As we digest the results of the midterm elections, some analysts are hoping President Biden’s powerful new economic programs can help heal our deep regional economic divisions. But without attention to worker and political power through unionization, those programs may help red states more than blue ones while not creating lasting prosperity and good jobs.
Mark Muro of the Brookings Institution hopes the programs can help economically distressed regions. He recently tweeted about a paper demonstrating that World War II industrial plants contributed to “dramatic and long-lived improvements in both local regional development and upward mobility for individuals.”
That paper, by researchers Andrew Garin and Jonathan Rothbaum, found that “government-financed plant construction in a county caused a persistent expansion of high-wage manufacturing work and a permanent increase in regional employment.” These effects persisted over time, and were part of “midcentury economic mobility for those from disadvantaged backgrounds.”

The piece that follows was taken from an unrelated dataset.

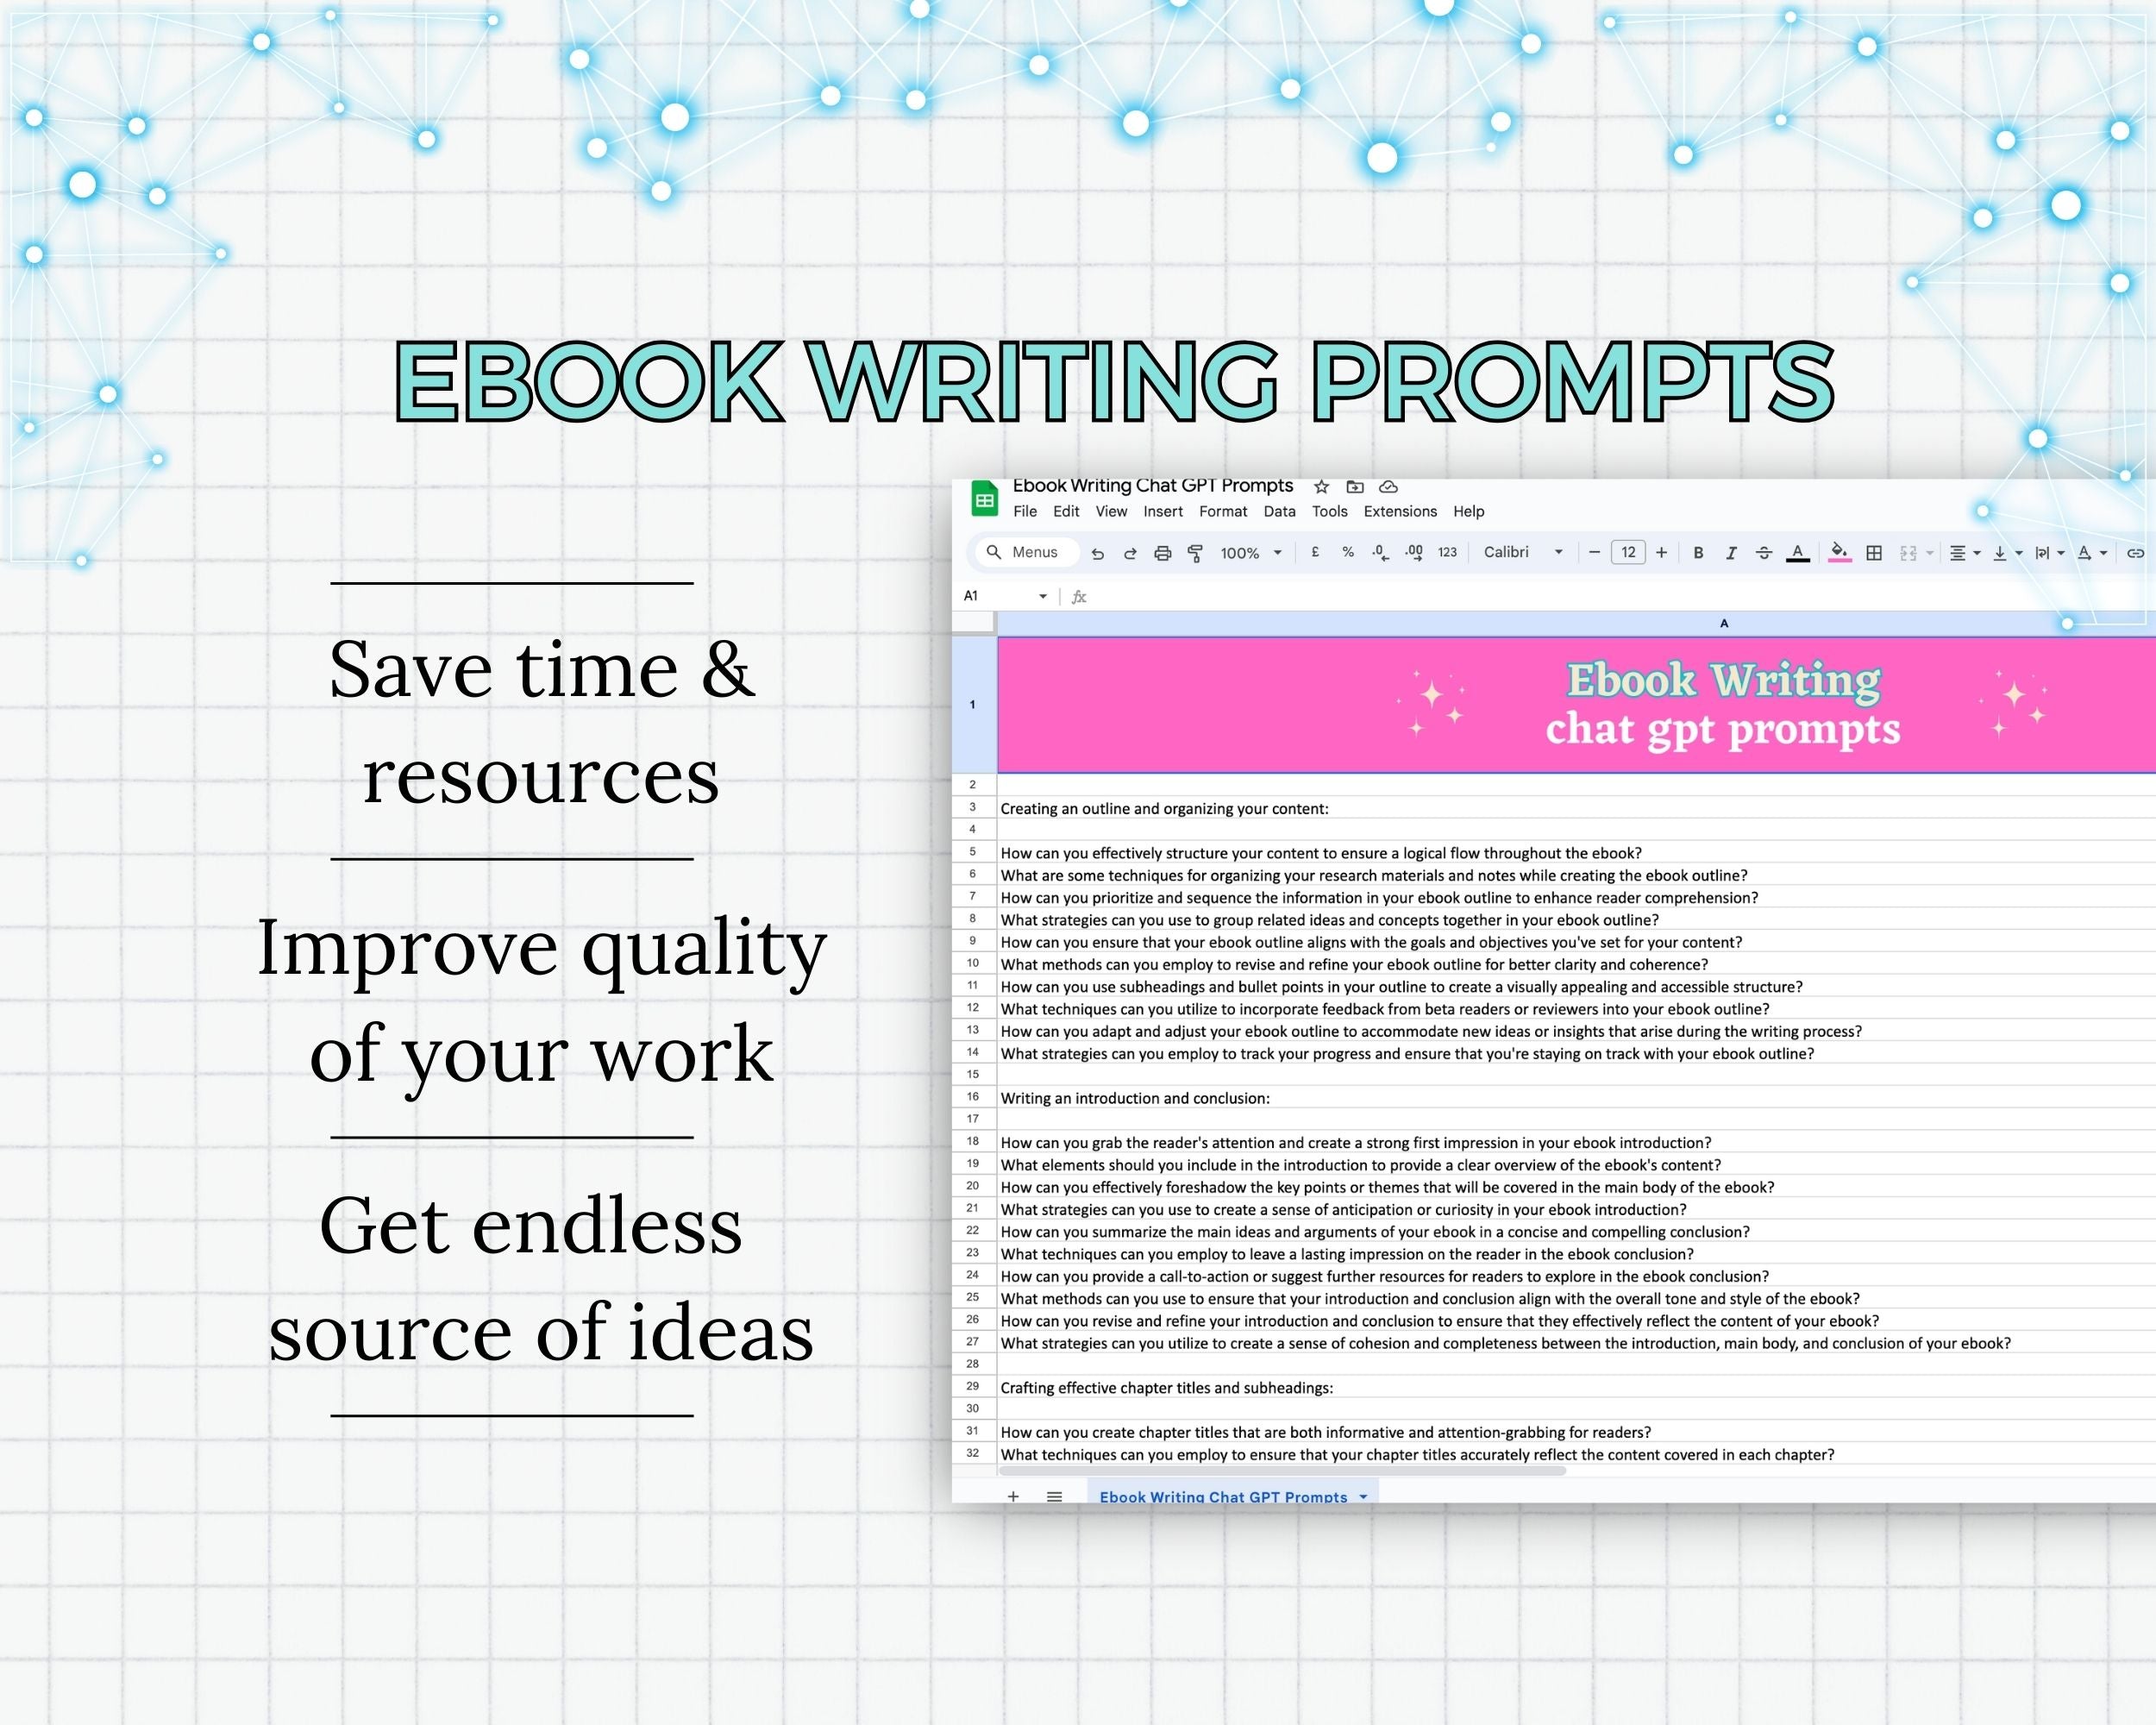 Ebook Writing Chat GPT Prompts

Findings like those are generating hope for regional equity from the new Biden programs. The potential was outlined in a recent article from Muro and his Brookings colleague Xavier de Sousa Briggs. Noting in particular the $259 billion bipartisan CHIPS and Science Act, which they call “the largest single piece of industrial policy in decades,” Briggs and Muro see “a generational opportunity to show that economic innovation and change can benefit everyone.”
They use BMW’s large, long-term investments in South Carolina to argue their case. BMW pressed the state not only for generous tax breaks and subsidies (which they got), but on the adequacy of local small business suppliers, workforce development improvements, and R&D and science linkages with the state’s universities.
Briggs and Muro call this, perhaps loosely, “German style” industrial policy. They see BMW ‘s experience in South Carolina as consistent with a “smarter, intentionally inclusive approach to local economic development.”
But German industrial policy has a central feature not found in South Carolina (or much of the USA)—labor unions and worker power. Countervailing power for workers is a central element of Germany’s overall industrial policy, and was very important in America’s post-World War II prosperity.
The study of World War II industrial plants Muro tweeted about shows unions contributed to prosperity. Those authors note “war plants emerged from the war with some of the most powerful unions in American history” and “over 80% of production workers in the industries that participated in war production—including automobile, aircraft, shipbuilding, steel, and aluminum manufacturing—were covered by union contracts.”
In America, the Economic Policy Institute has documented that “erosion of worker bargaining power” has led to lower wages and a “deterioration of labor’s share of income.” Only seven percent of American private sector workers are union members; in contrast, around half of German workers are covered by collective bargaining agreements.
According to a recent study, German unions have two key features helping them work with companies and produce prosperity for their members—“sectoral collective bargaining and firm-level codetermination.”
Sectoral bargaining at the regional level allows German unions to “create significant standardization of wages and working conditions” compared to America’s “patchwork system” of “employer-dominated” wage setting. And codetermination is “the legally mandated integration of workers into corporate governance and decision-making.” Imagine if workers directly elected members to their companies’ boards of directions, instead of only allowing shareholders to vote.
So BMW’s South Carolina operations don’t resemble German industrial policy when it comes to workers. Like many states, South Carolina is a “right-to-work” state where it is illegal for employers and unions to require union membership or paying dues. In fact, in 2021 South Carolina had the lowest percentage of workers in a union—two percent—of any state in the USA. That’s very far away from German industrial policy, and from BMW’s own codetermination and union policies in Germany.
Teresa Ghilarducci and I have argued any successful American industrial policy “must center industrial relations that promotes unionization and shared economic returns.” Without labor representation and support, workers are unlikely to get a fair share of government-supported prosperity. And without unions’ political support, legislating a larger role for government in industrial and economic policy will likely fail.
Progressive analysts like Briggs and Muro sincerely want to “create real opportunity, for local people, on a broad basis.” Briggs has a long history of caring about workers and equity. At the Ford Foundation, he supported Harvard’s Clean Slate for Worker Power project exploring how unions can contribute to equity and prosperity, and also the Coalition for Inclusive Capitalism.
But the USA makes it hard to build unions and worker power and voice. Many states have aggressive anti-union policies. Twenty-seven states—over half—have right to work laws, and nine of them enshrine the policies in their state constitutions. And after decades of battering from business and government, some union leaders fear reforms could be turned against them, leading to further decline in membership and power.
American industrial policy without a strong labor voice—best achieved through strong, democratic unions—won’t produce equitable and lasting benefits for regions or workers. That’s a big lesson from America’s post-World War II experience. It remains relevant today, and central to our hope of using industrial policy to help America’s economically troubled regions.